Travelling.
--
"I'm going out. Be back in a month or so, bye."
Home had gotten boring again. Actually, pretty much everything was boring nowadays. Some days she nearly regretted participating in the biggest single event of her life- of anyone's life- when she was so young. She wouldn't trade those days for anything, even the worst of them, but the rest of her life was just... denouement.
She really shouldn't be complaining about how stressful her life wasn't, but she hated to be idle.
So that was why she was going to Omashu. Sokka was, to the best of her knowledge, living there these days, and Aang had been around there lately. She hadn't seen either of them for the better part of a year.
Stupid Katara. She just had to grow up, didn't she?
It had been better when they were children.
She amended that. It had been better when they had all been children. She was still a year shy of technical adulthood.
But it had been better, no matter how you constructed the sentence. No one had got married, and while Aang had to do the impossible, at least no one was asking him to do everything.
Now everyone was, at any given time, at least two hundred miles from at least three of the others.
This was not an acceptable equation.
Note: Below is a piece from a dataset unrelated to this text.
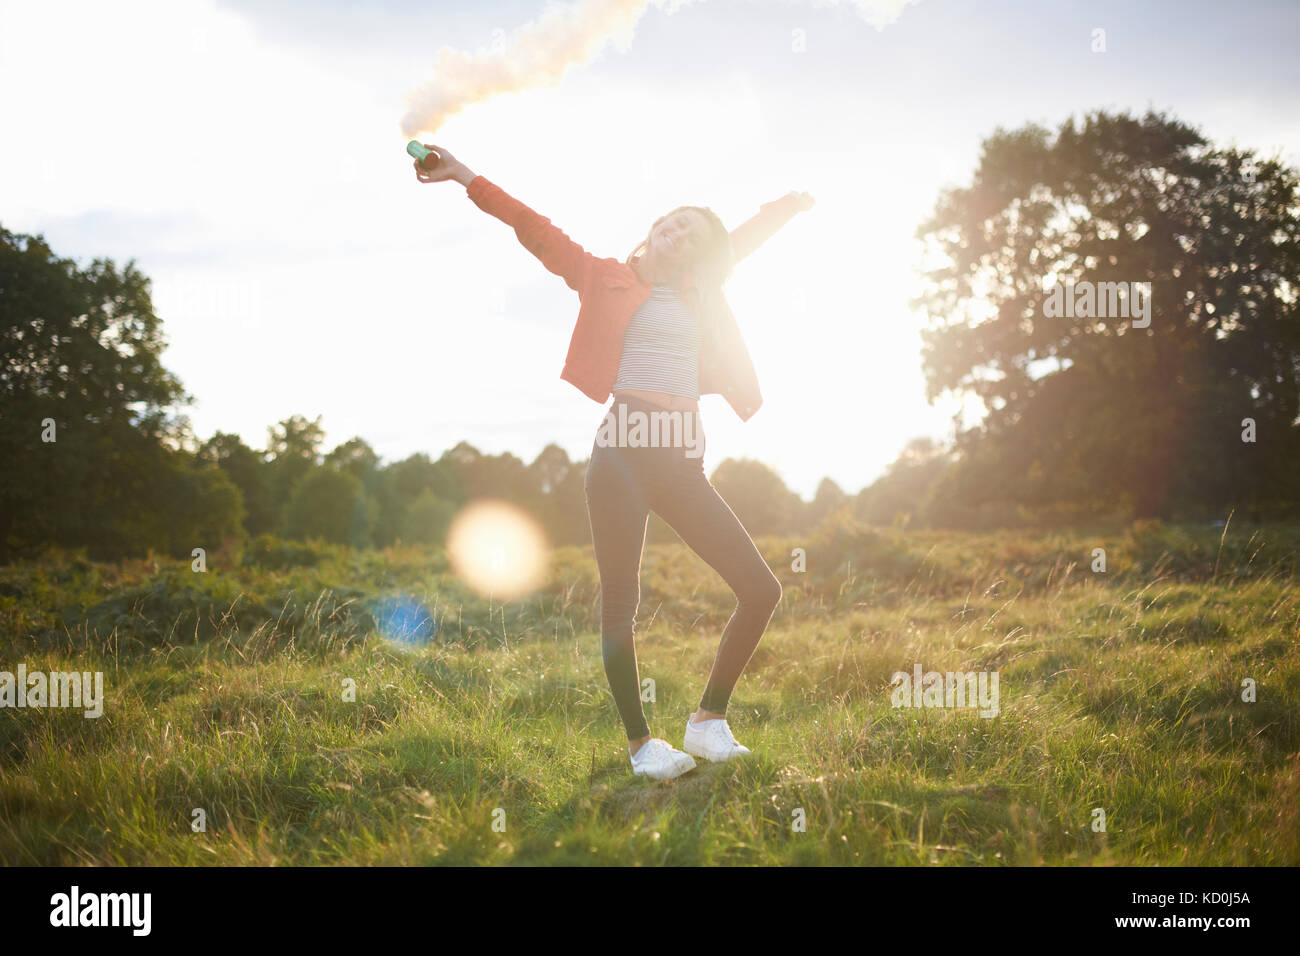 Young woman letting off smoke flare in sunlit field Stock Photo

So she was going to unbalance it.
--
It took nearly a week to get to Omashu.
When she got there, she was given mildly unwelcome news.
"I am sorry, Toph, but they left nearly three weeks ago. They were headed North," Bumi explained, as if he didn't have anything more important to do.
"North. Huh."
Wait a moment.
"They?"
--
Mai and Sokka? Really?
It had taken Toph a while to get her mind around that, not least because it took her almost ten minutes to even remember which one Mai was supposed to be. At first she'd thought it might be that schoolgirl Aang had danced with back in the Fire Nation, which had put a whole different spin on things.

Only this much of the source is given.